Reading time: 4 – 6 minutes

Photo: Kristin Bradley

Attackers are motivated by multiple factors. Previously, “experts” believed most attackers were social outcasts who were writing malicious software out of their parent’s basement. These attackers were not driven by any particular motive. They were more driven by the problem-solving aspect. They wanted to know if they could do it. This idea that attackers are socially inept kids based in the United States is quickly becoming inaccurate.

Most security articles are focused on the means of the attack. They don’t address what attackers are actually after.

The four motivating factors for attackers that have been identified are:

1. Financial Gain
   
2. Notoriety
3. Political
4. Vengeance

Financial Gain
Hacking, Malware, and Worm Creation is a money making opportunity. Worms, such as Conficker, are being tied to organized crime based in Soviet republics.

The tightly managed criminal organizations behind such scams—often based in Russia and former Soviet republics—treat malware like a business.
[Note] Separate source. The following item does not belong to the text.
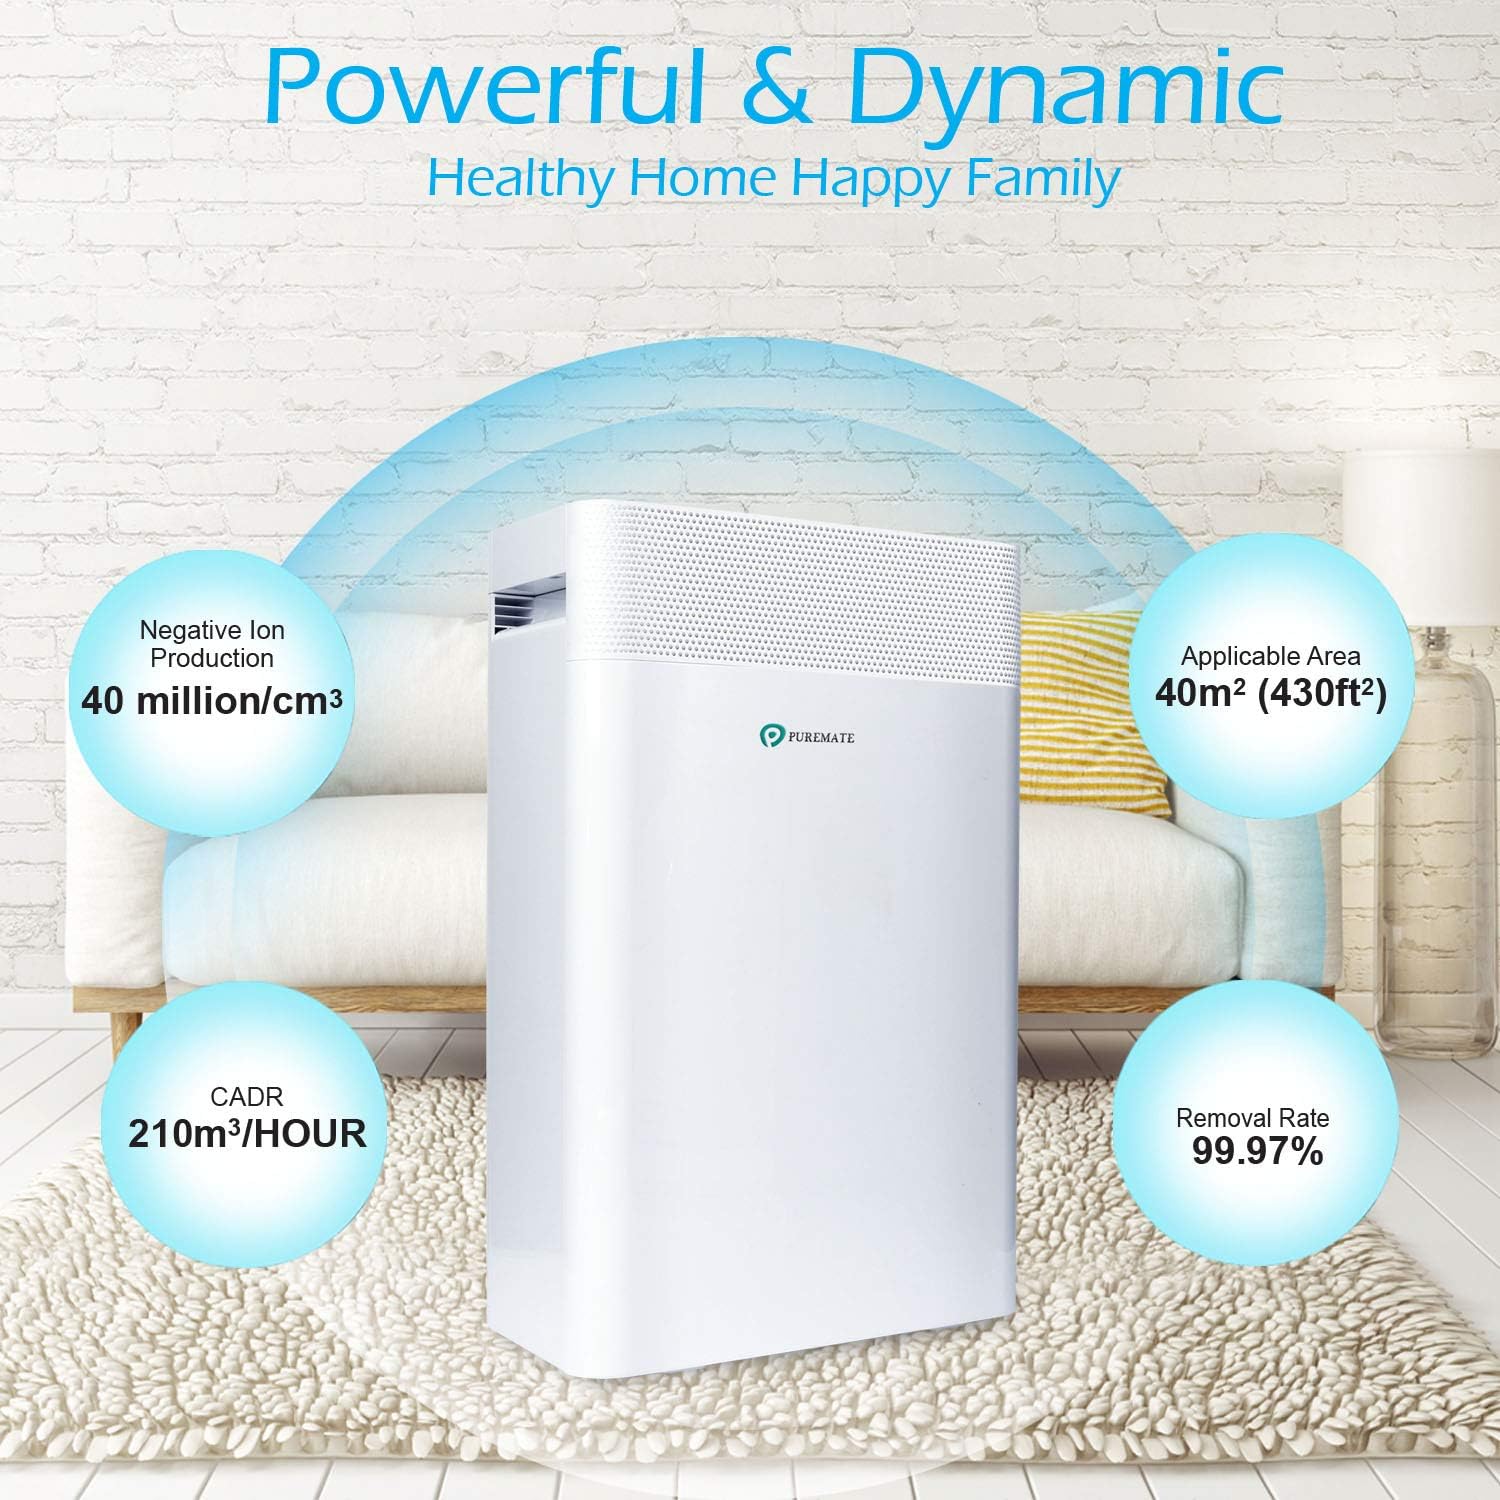 PureMate Air Purifier for Home 5 in1 with Ioniser and Sleep Mode - True HEPA Filter & Active Carbon, Removes Germs & Viruses, Allergies & Asthma, Pollen, Dust, Smokers, Hay Fever, Pets Dander - Amazing Gadgets Outlet

They buy advanced code on the Internet’s black market, customize it, then sell or rent the resulting botnet to the highest bidders. They extend the worm’s life span as long as possible by investing in updates—maintenance by another name. This assembly line–style approach to crime works: of all the viruses that Symantec has tracked over the past 20 years, 60 percent of them have been introduced in the past 12 months.

This shouldn’t be surprising. If criminals have no problem killing another human and taking their wallet, why would they have problems stealing massive amounts of money electronically?
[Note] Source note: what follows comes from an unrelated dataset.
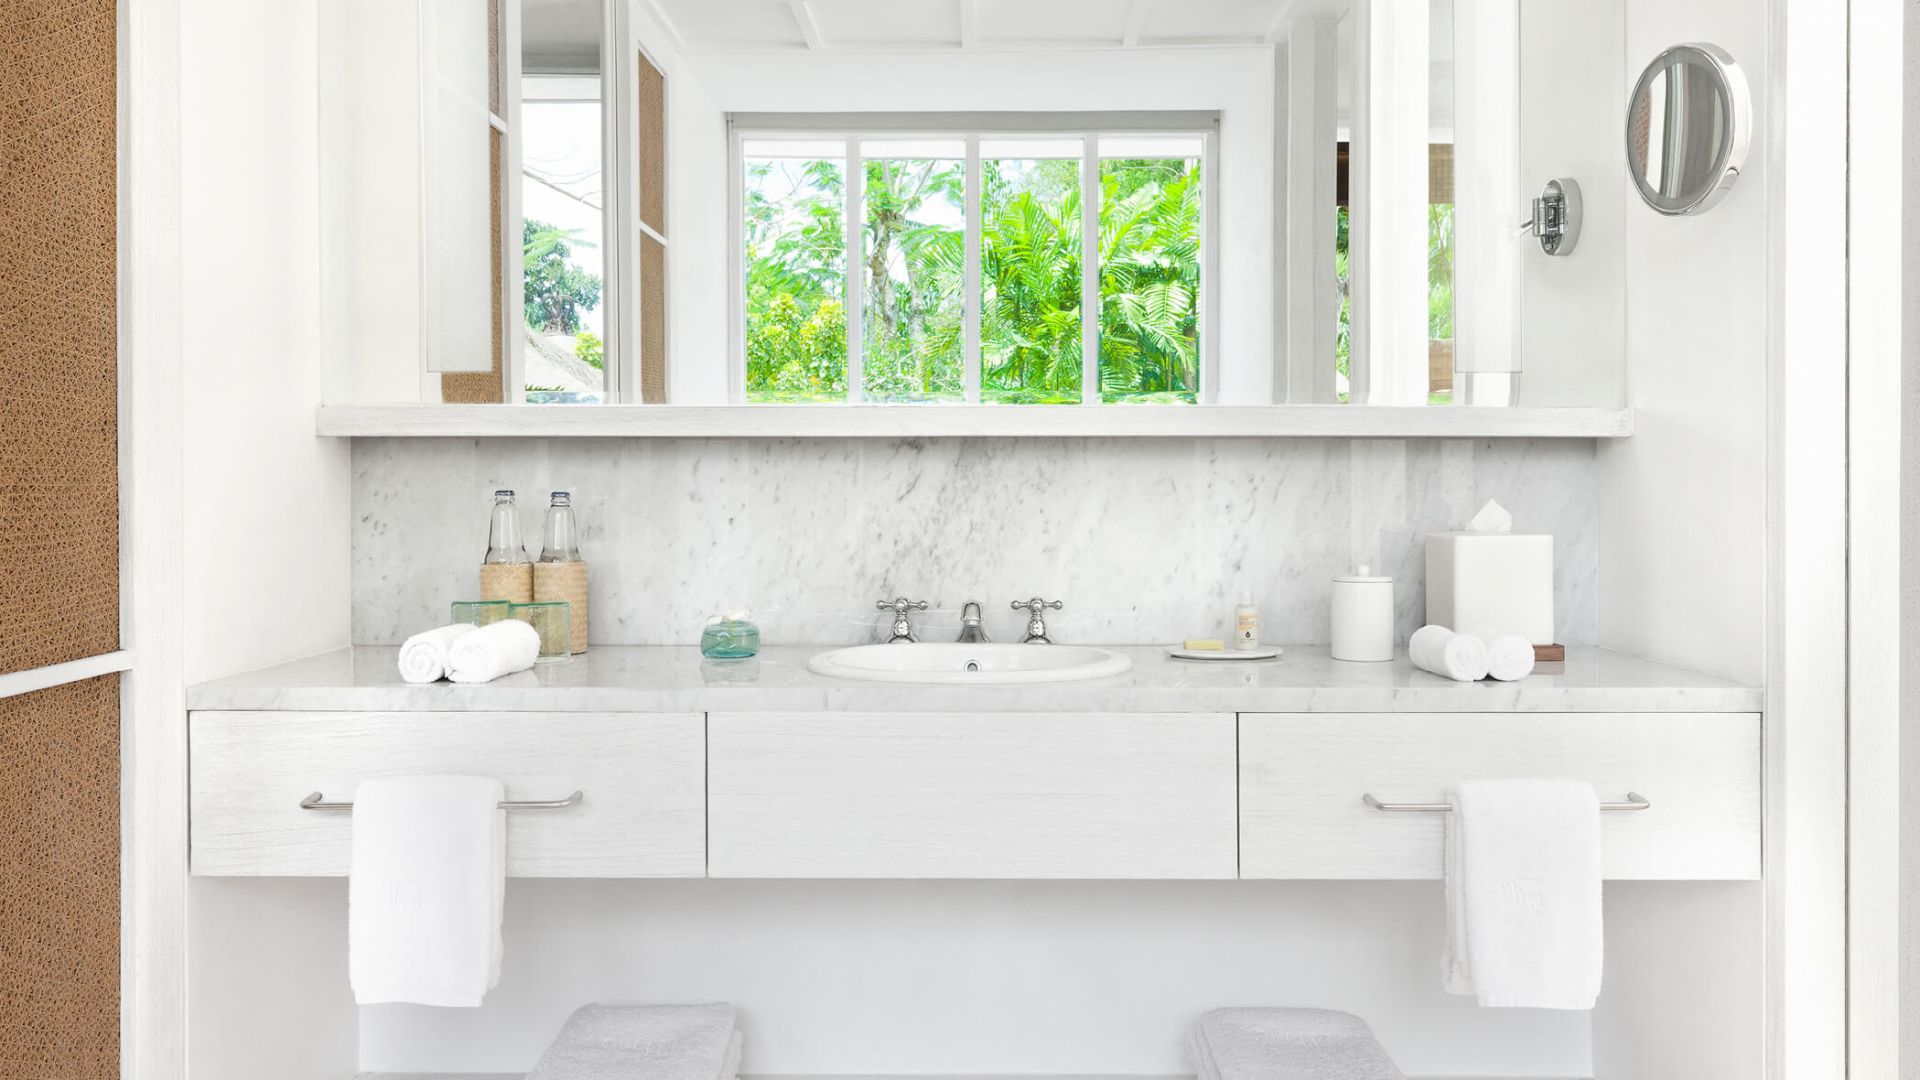 A Bathroom With White Cabinets - Image

However, organized criminals aren’t the only attackers driven by financial gain. There is also evidence of financially driven attackers being petty criminals. These are the types that don’t have a great understanding of what they are doing. They can be found on websites specifically setup for trading credit card numbers or other Personally Identifiable Information (PII). Some researchers, such as Rios and Dhanjani, have done research into this subgroup.

Notoriety

There is still evidence of hacking for notoriety. Most of these attackers are the “13-19″ year old kids described above. The reason these individuals attack systems is driven by their want to become famous.

A recent example is the Mikeyy worm created by Michael Mooney of StalkDaily. This sub-group usually will justify their attacks by stating, “I wanted to bring awareness to the problem.” This is a constructed answer but demonstrates their want to become famous. They are clearly stating, they were the ones who wanted to bring awareness to the issue. These attackers typically have a Robin Hood type mentality of bringing knowledge to the uninformed.

Political
These attackers are politically focused or driven by political means. This group includes “hacktivists” and foreign nationals driven to cause damage to an enemy country. Examples of these attacks are the Titan Rain and more recently Power Grid hacking.

Political motivation is frightening. Many countries will not deter attackers from hacking a foreign country. In addition, law enforcement has a hard time tracking down or arresting these type of attackers due to the lack of cooperation of foreign countries.

Vengeance

These attackers are the most dangerous. They will attack people who have somehow made them upset. Their driving factor is causing as much pain as possible for their victim.

These attacks typically target an ex-girlfriend or a celebrity. These are the electronic equivalent of breaking someones windshield. There is nothing that can really be done to prevent it other than to stop using the Internet.